↓

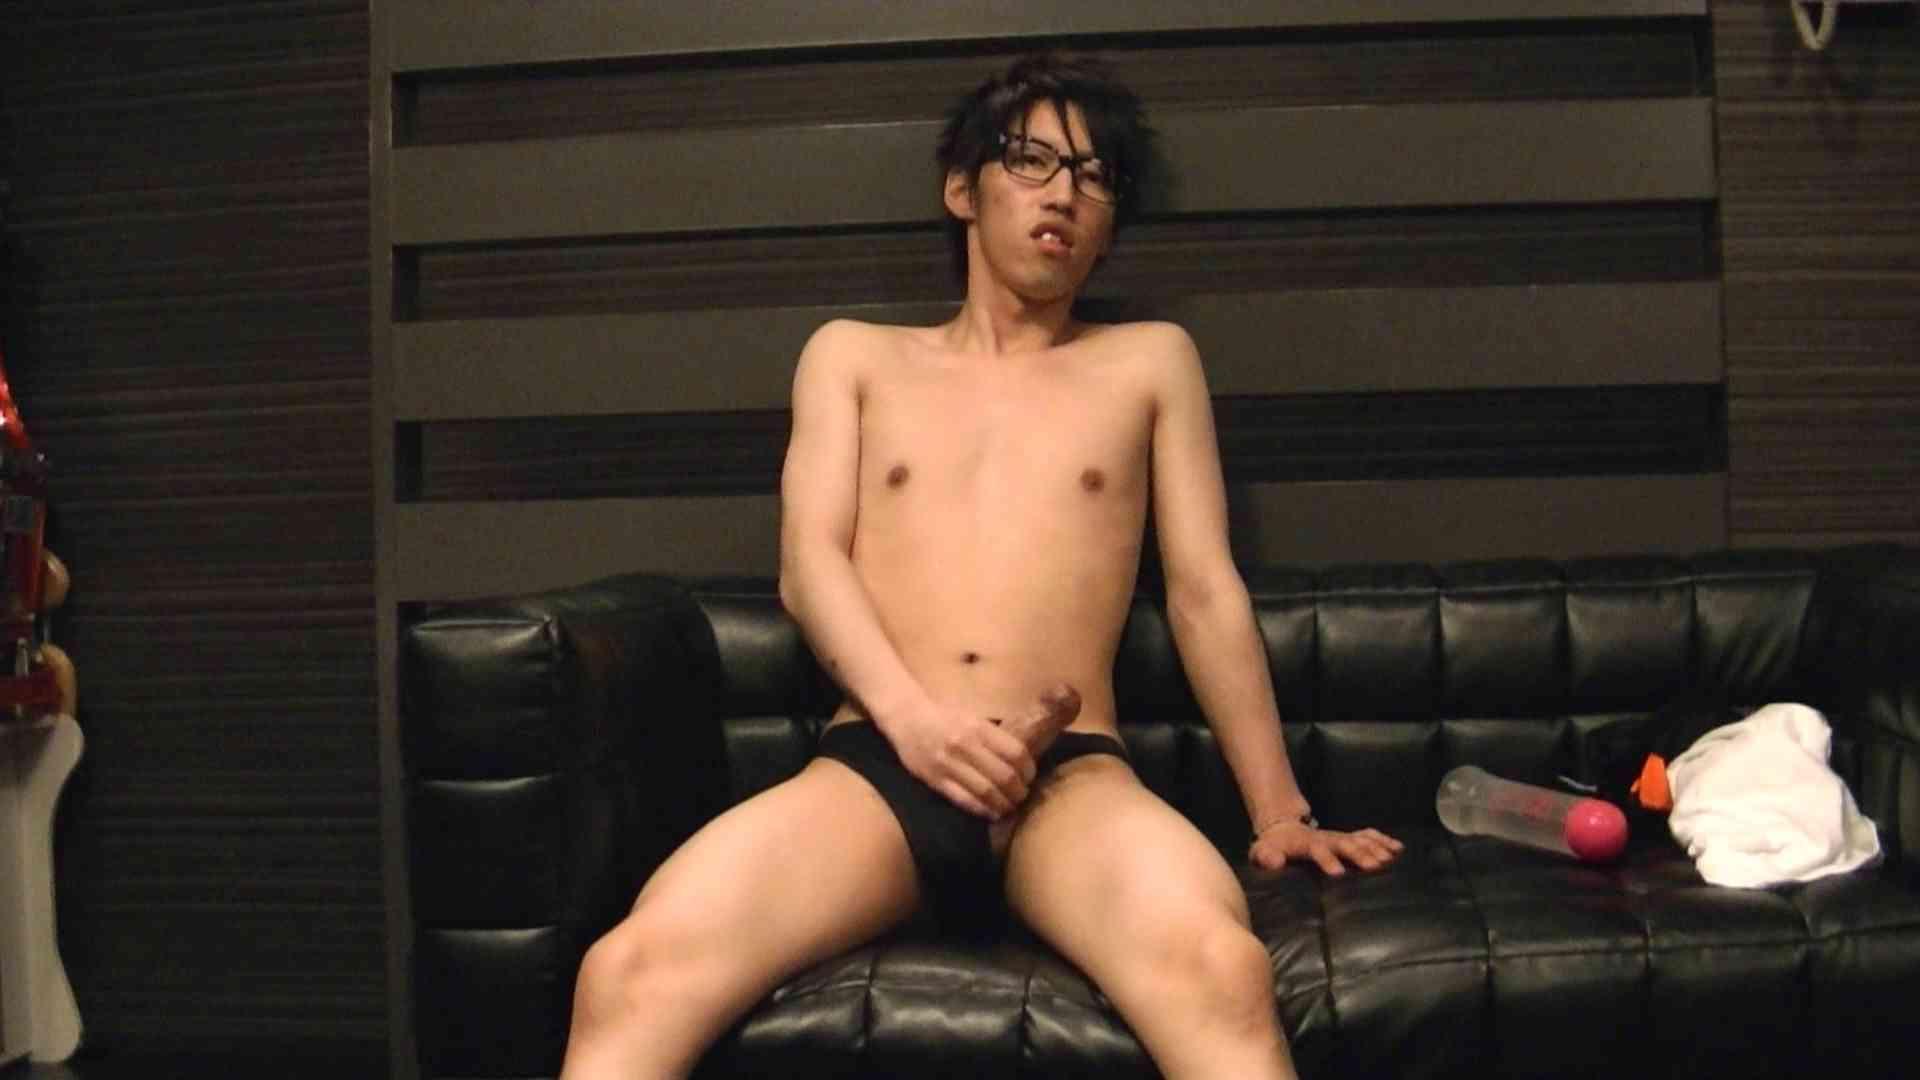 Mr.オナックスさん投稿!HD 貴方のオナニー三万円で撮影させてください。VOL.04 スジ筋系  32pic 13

↑
↓

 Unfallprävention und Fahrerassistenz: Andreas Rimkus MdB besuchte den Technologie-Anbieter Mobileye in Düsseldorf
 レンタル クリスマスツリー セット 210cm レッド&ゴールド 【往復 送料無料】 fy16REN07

↑

In your answer, include only the lines above starting at the line that holds "Unfallprävention und Fahrerassistenz: Andreas" and ending at the line that holds "レンタル クリスマスツリー セット", copied exactly.

§ **Solution to this task**:
 Unfallprävention und Fahrerassistenz: Andreas Rimkus MdB besuchte den Technologie-Anbieter Mobileye in Düsseldorf
 レンタル クリスマスツリー セット 210cm レッド&ゴールド 【往復 送料無料】 fy16REN07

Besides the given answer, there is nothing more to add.